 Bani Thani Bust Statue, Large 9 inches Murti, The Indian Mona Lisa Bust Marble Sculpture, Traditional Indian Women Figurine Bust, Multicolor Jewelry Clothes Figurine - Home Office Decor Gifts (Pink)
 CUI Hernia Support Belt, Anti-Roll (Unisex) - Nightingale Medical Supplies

......

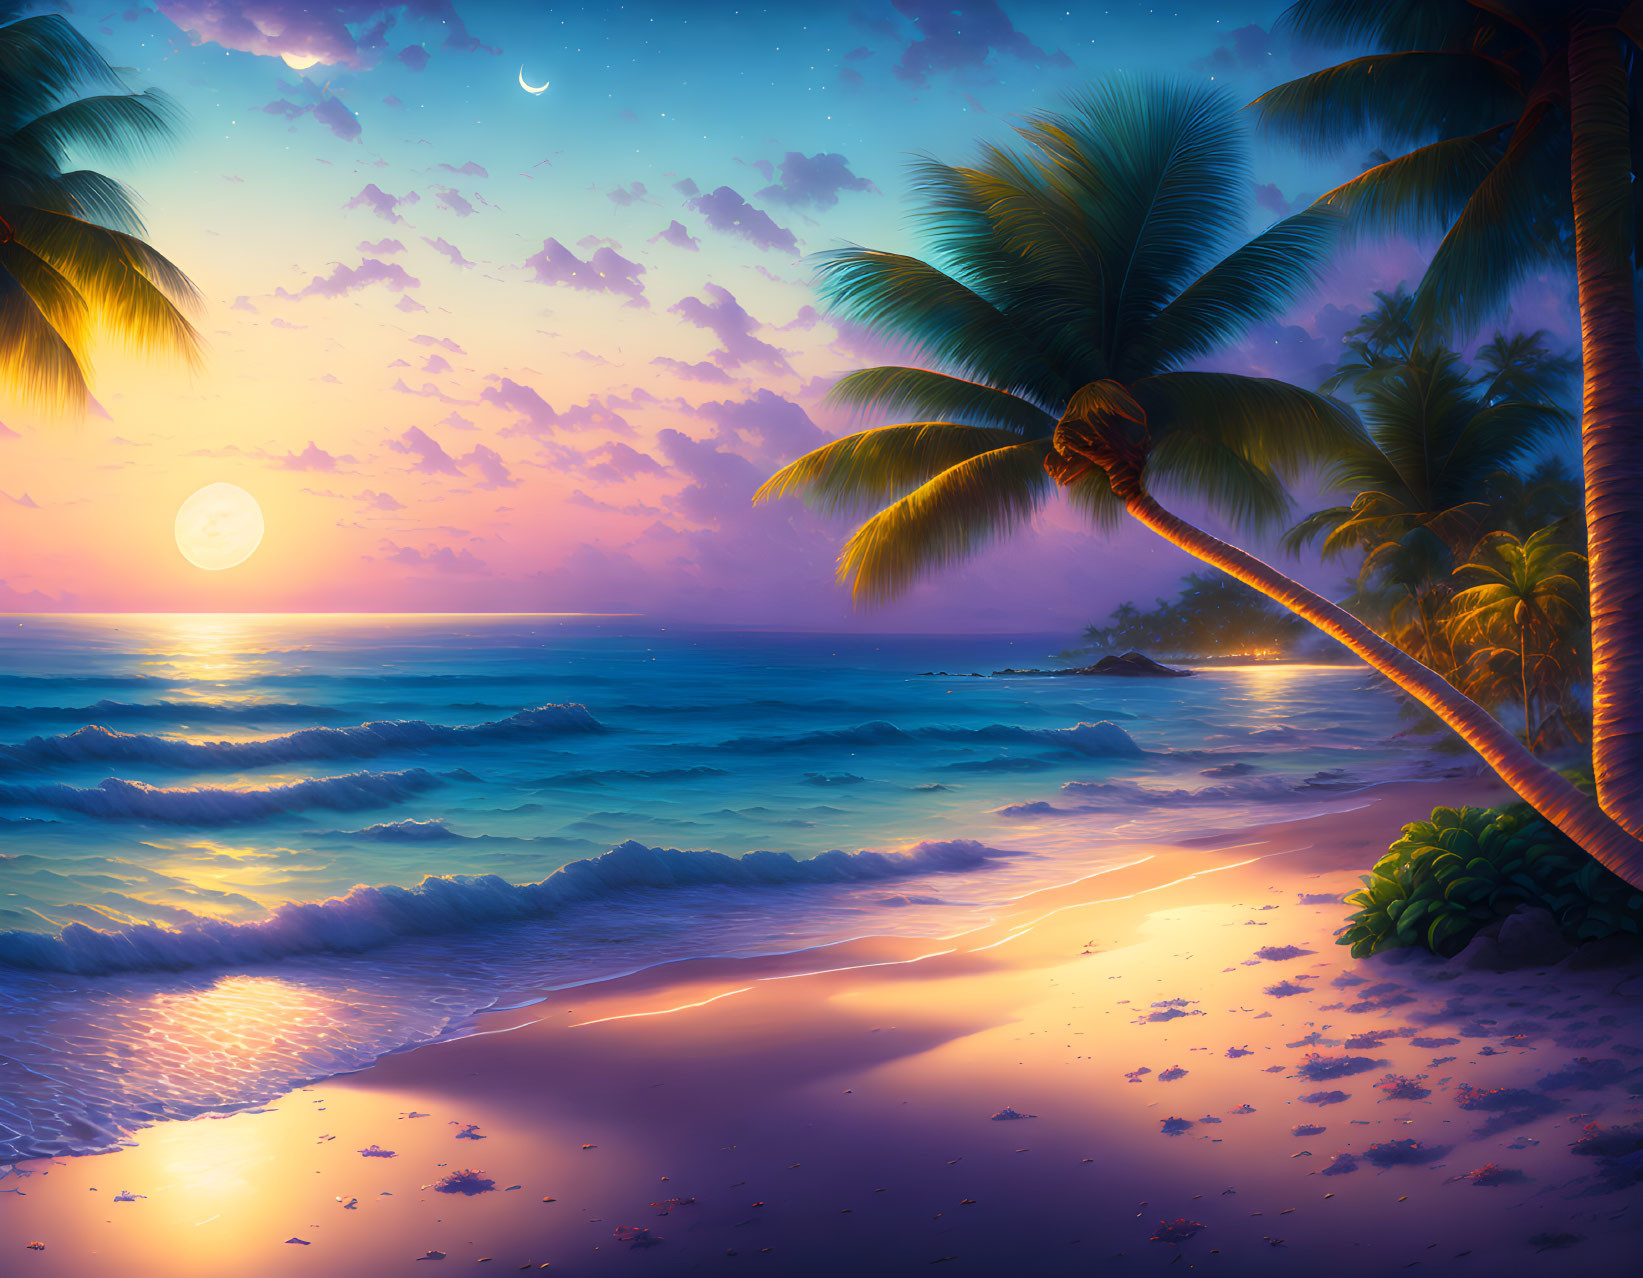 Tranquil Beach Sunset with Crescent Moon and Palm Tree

......

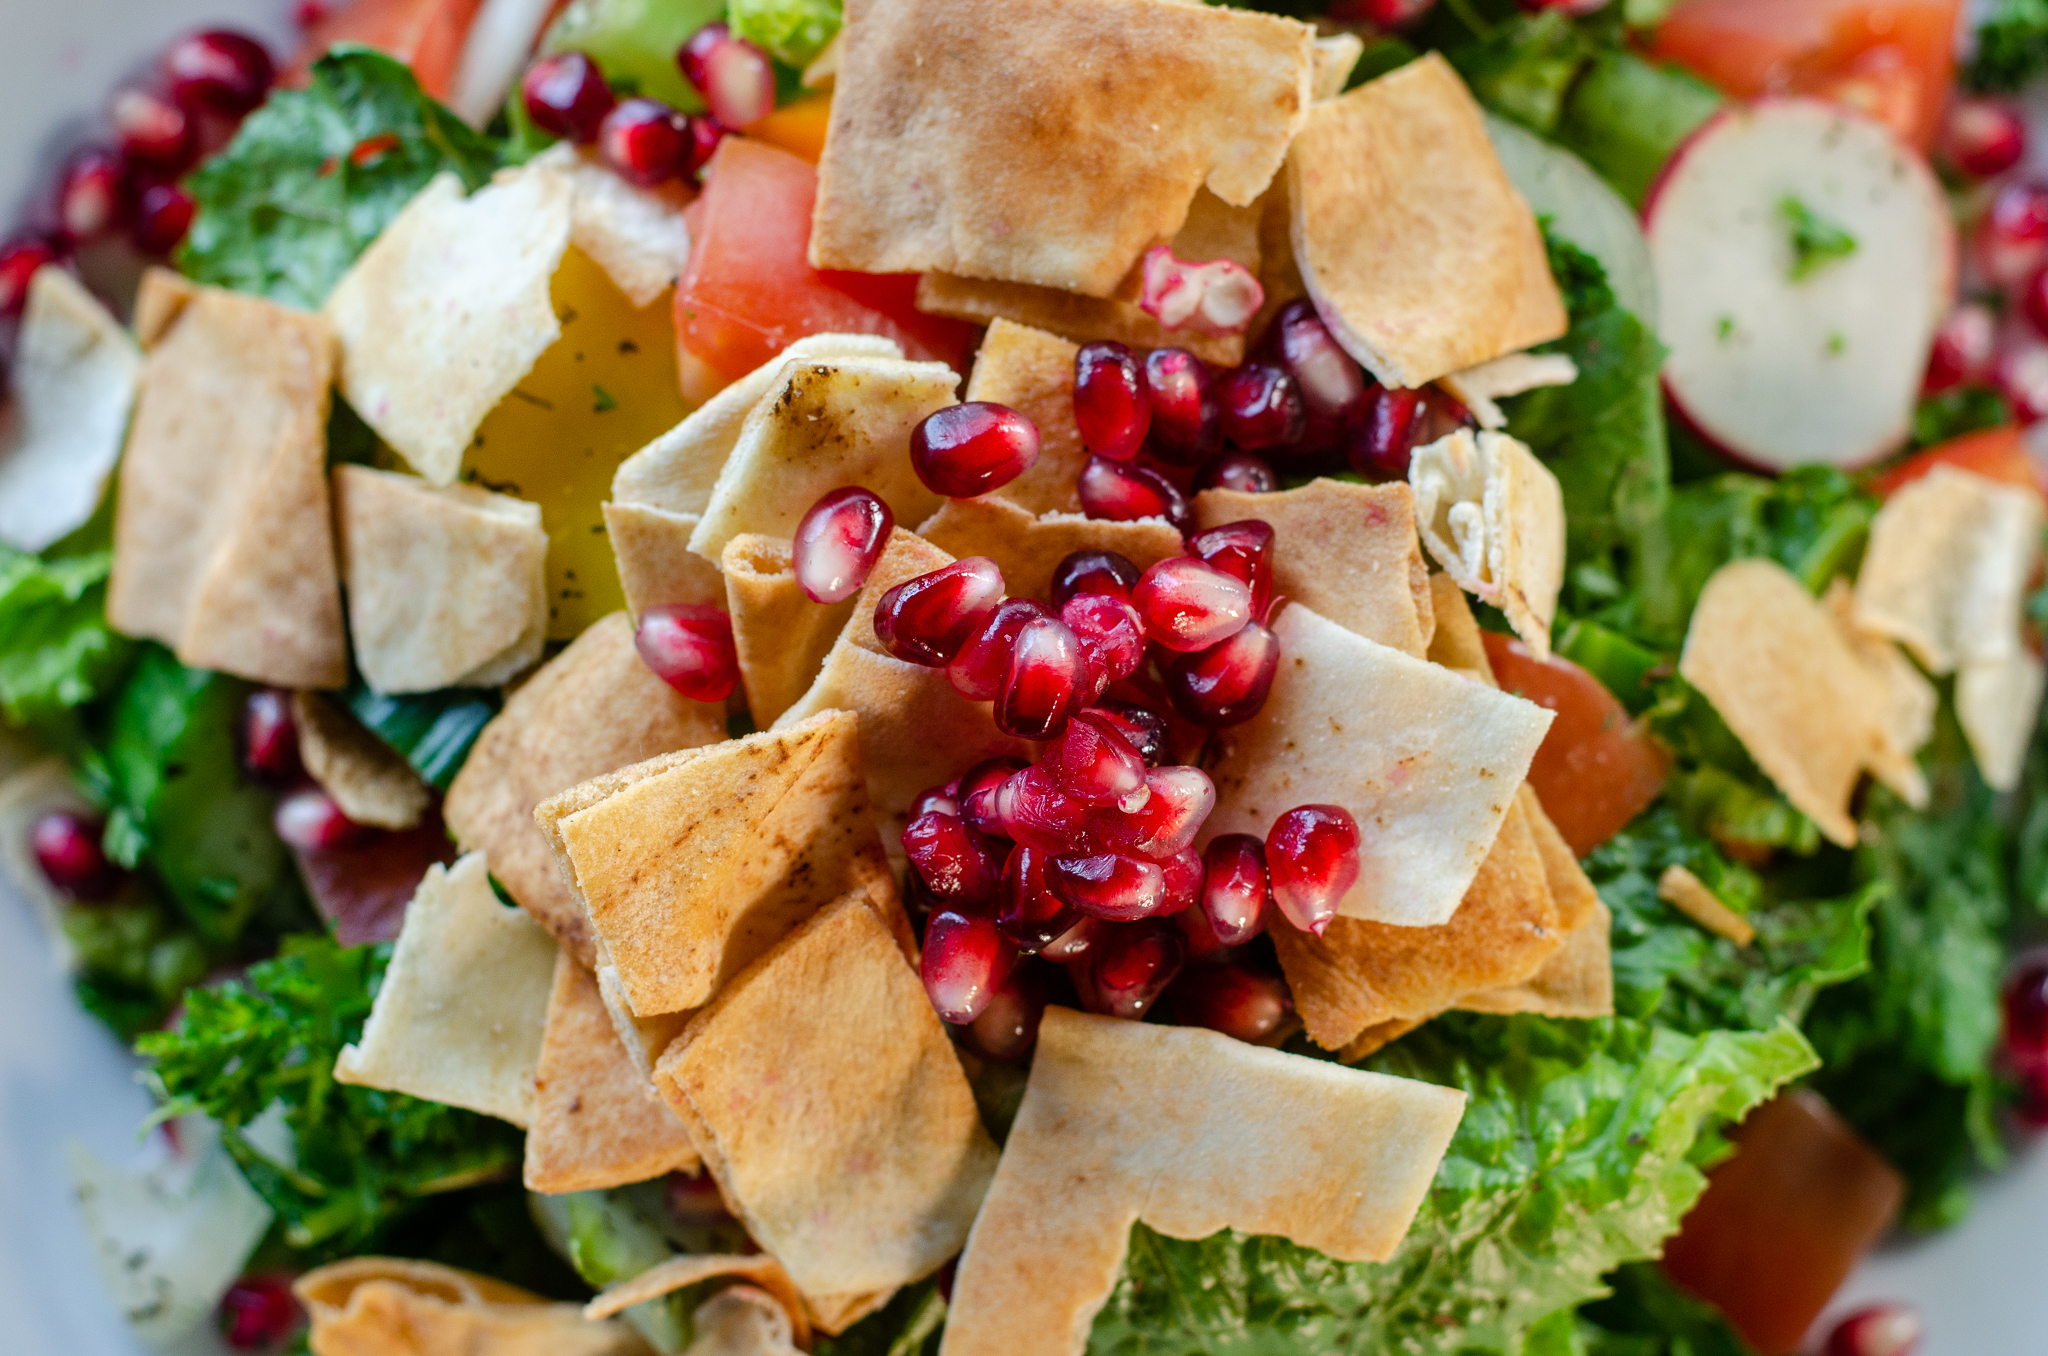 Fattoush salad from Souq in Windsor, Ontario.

......

ASSIGNMENT:
Within the listing above, the range opens at the line with "Bani Thani Bust" and closes at the line with "CUI Hernia Support". Reproduce exactly the lines of that range, including both ends.

OUTPUT FOR THIS EXERCISE:
 Bani Thani Bust Statue, Large 9 inches Murti, The Indian Mona Lisa Bust Marble Sculpture, Traditional Indian Women Figurine Bust, Multicolor Jewelry Clothes Figurine - Home Office Decor Gifts (Pink)
 CUI Hernia Support Belt, Anti-Roll (Unisex) - Nightingale Medical Supplies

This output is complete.